---------- DATA EXTRACT
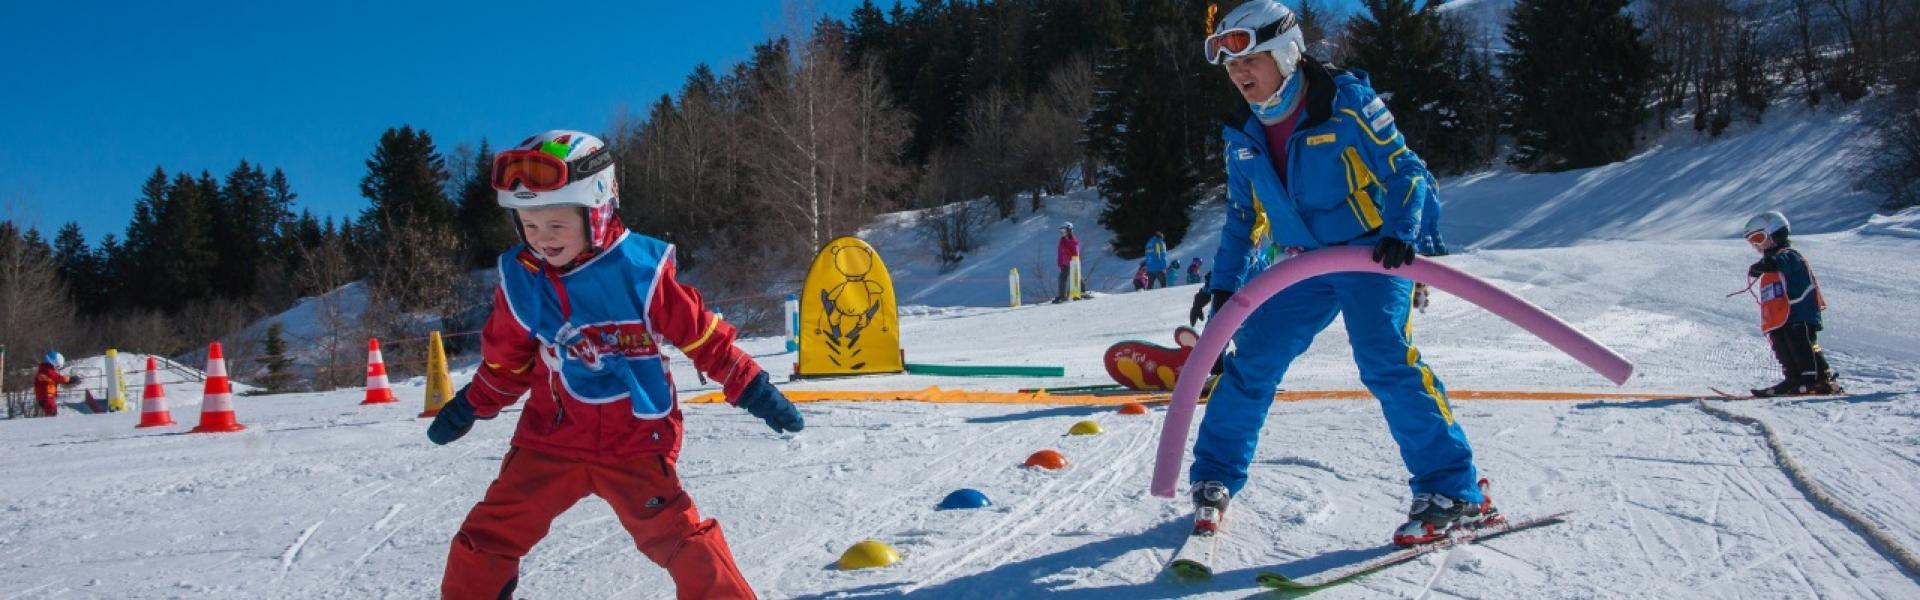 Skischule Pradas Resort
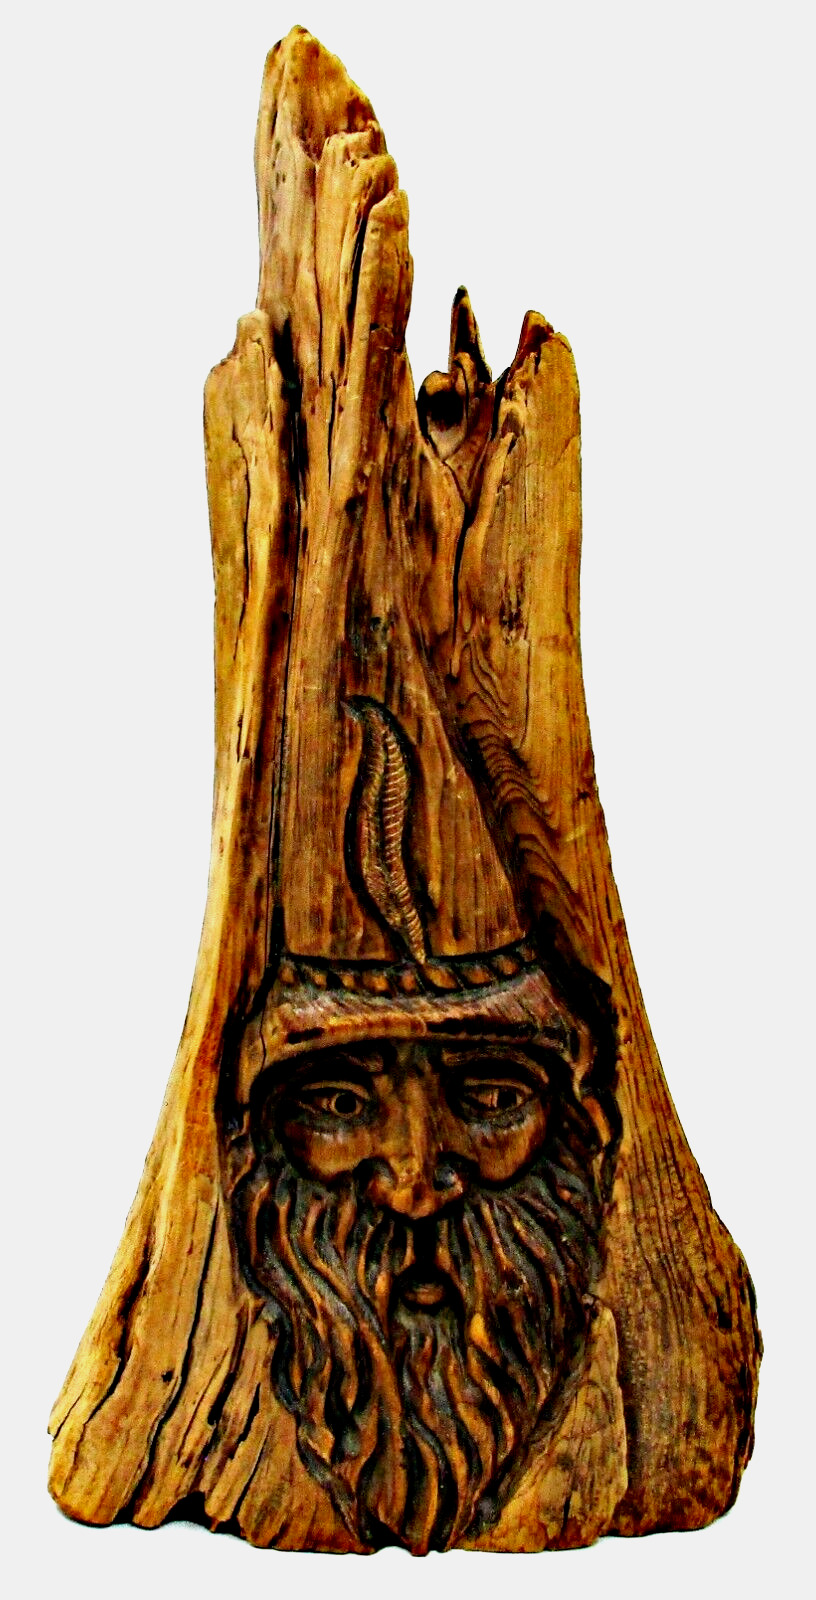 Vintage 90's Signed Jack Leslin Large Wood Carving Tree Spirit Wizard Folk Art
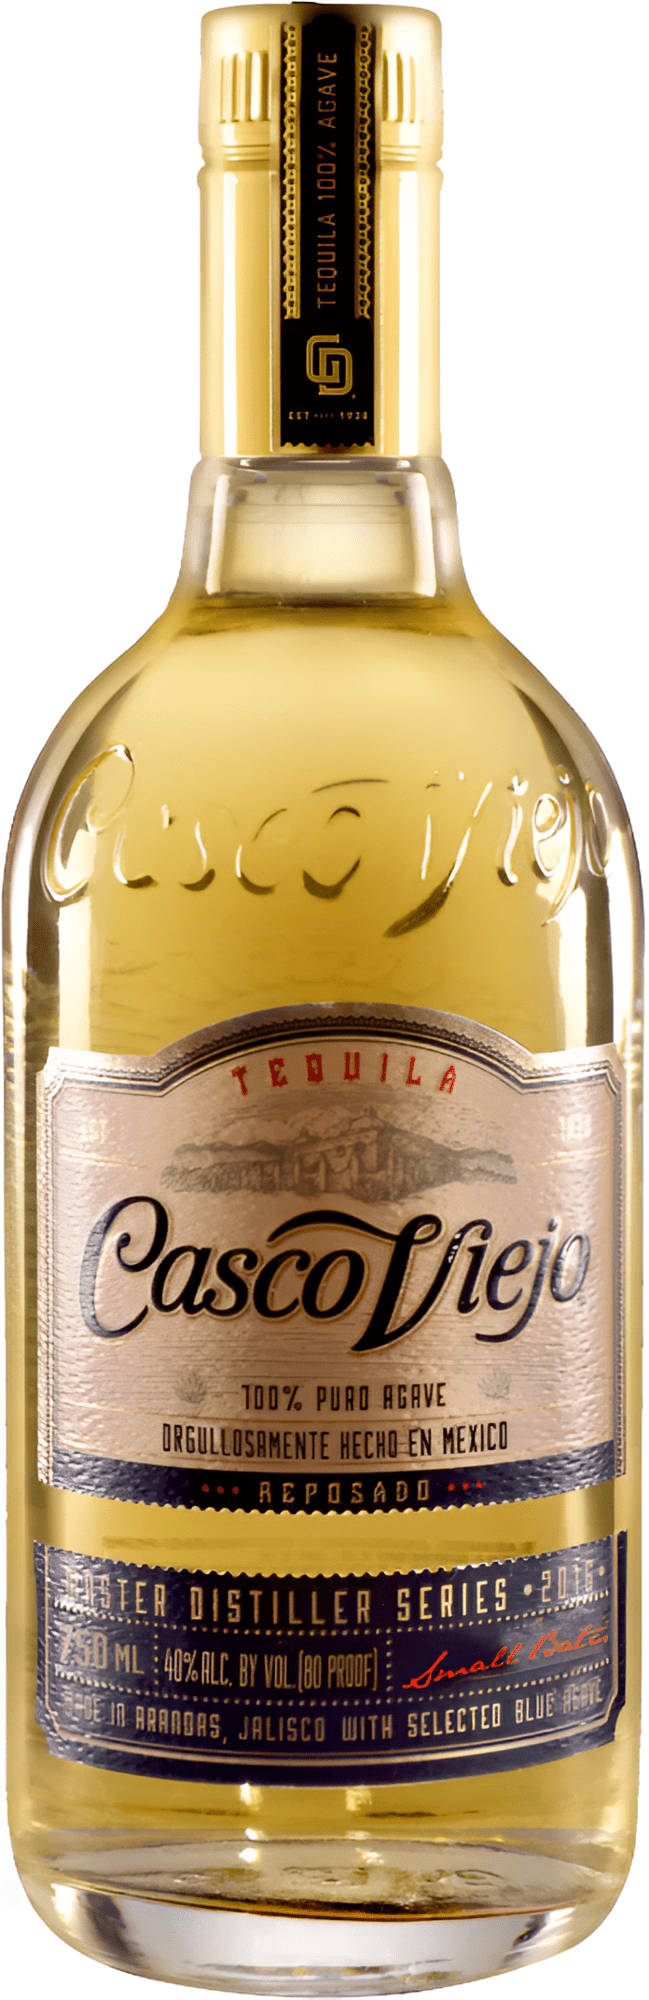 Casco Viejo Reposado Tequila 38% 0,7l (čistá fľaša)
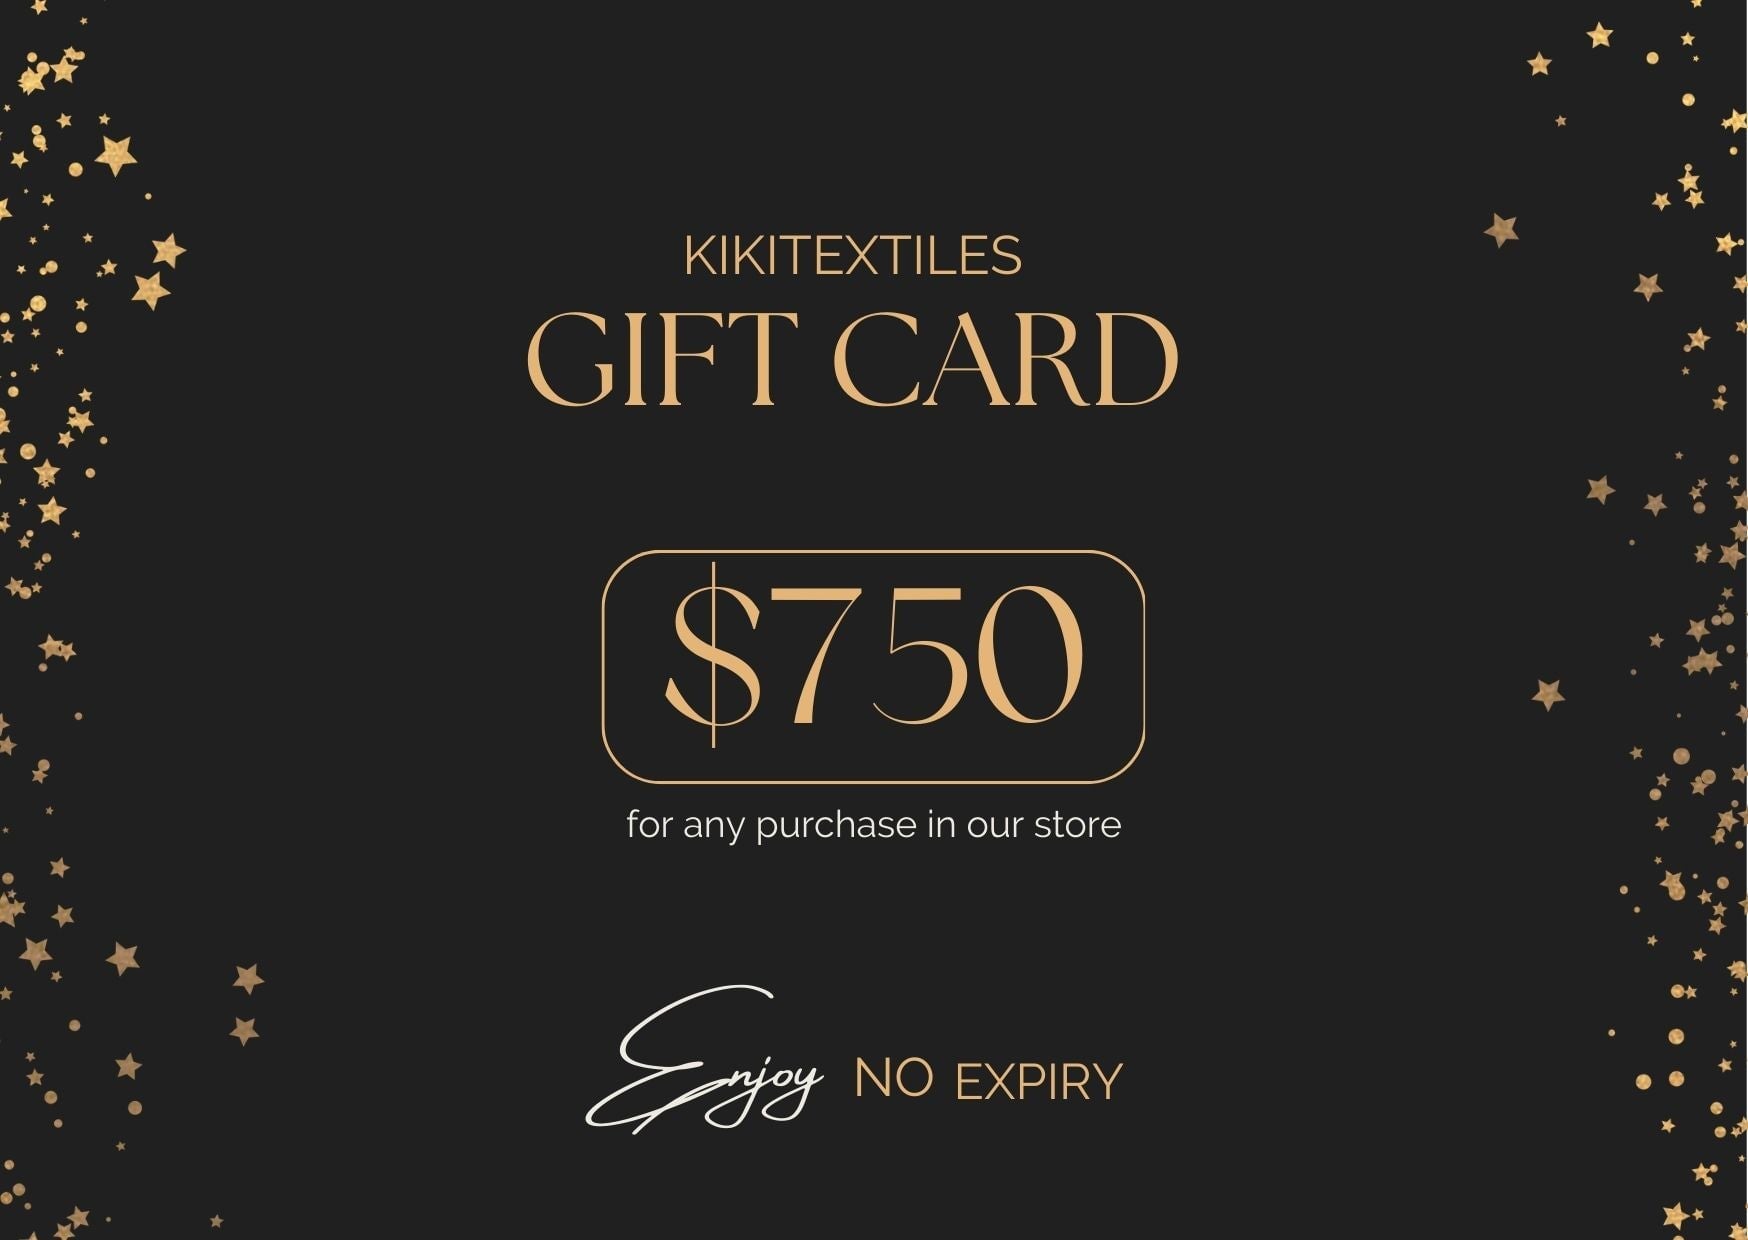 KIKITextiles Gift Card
--------------------
:: WHAT THE TASK REQUIRES ::
All lines from the line containing "Casco Viejo Reposado" through the end of the listing above are to be given again exactly; pictures are not part of the copy.

:: SOLUTION TO THE PROBLEM ::
 Casco Viejo Reposado Tequila 38% 0,7l (čistá fľaša)
 KIKITextiles Gift Card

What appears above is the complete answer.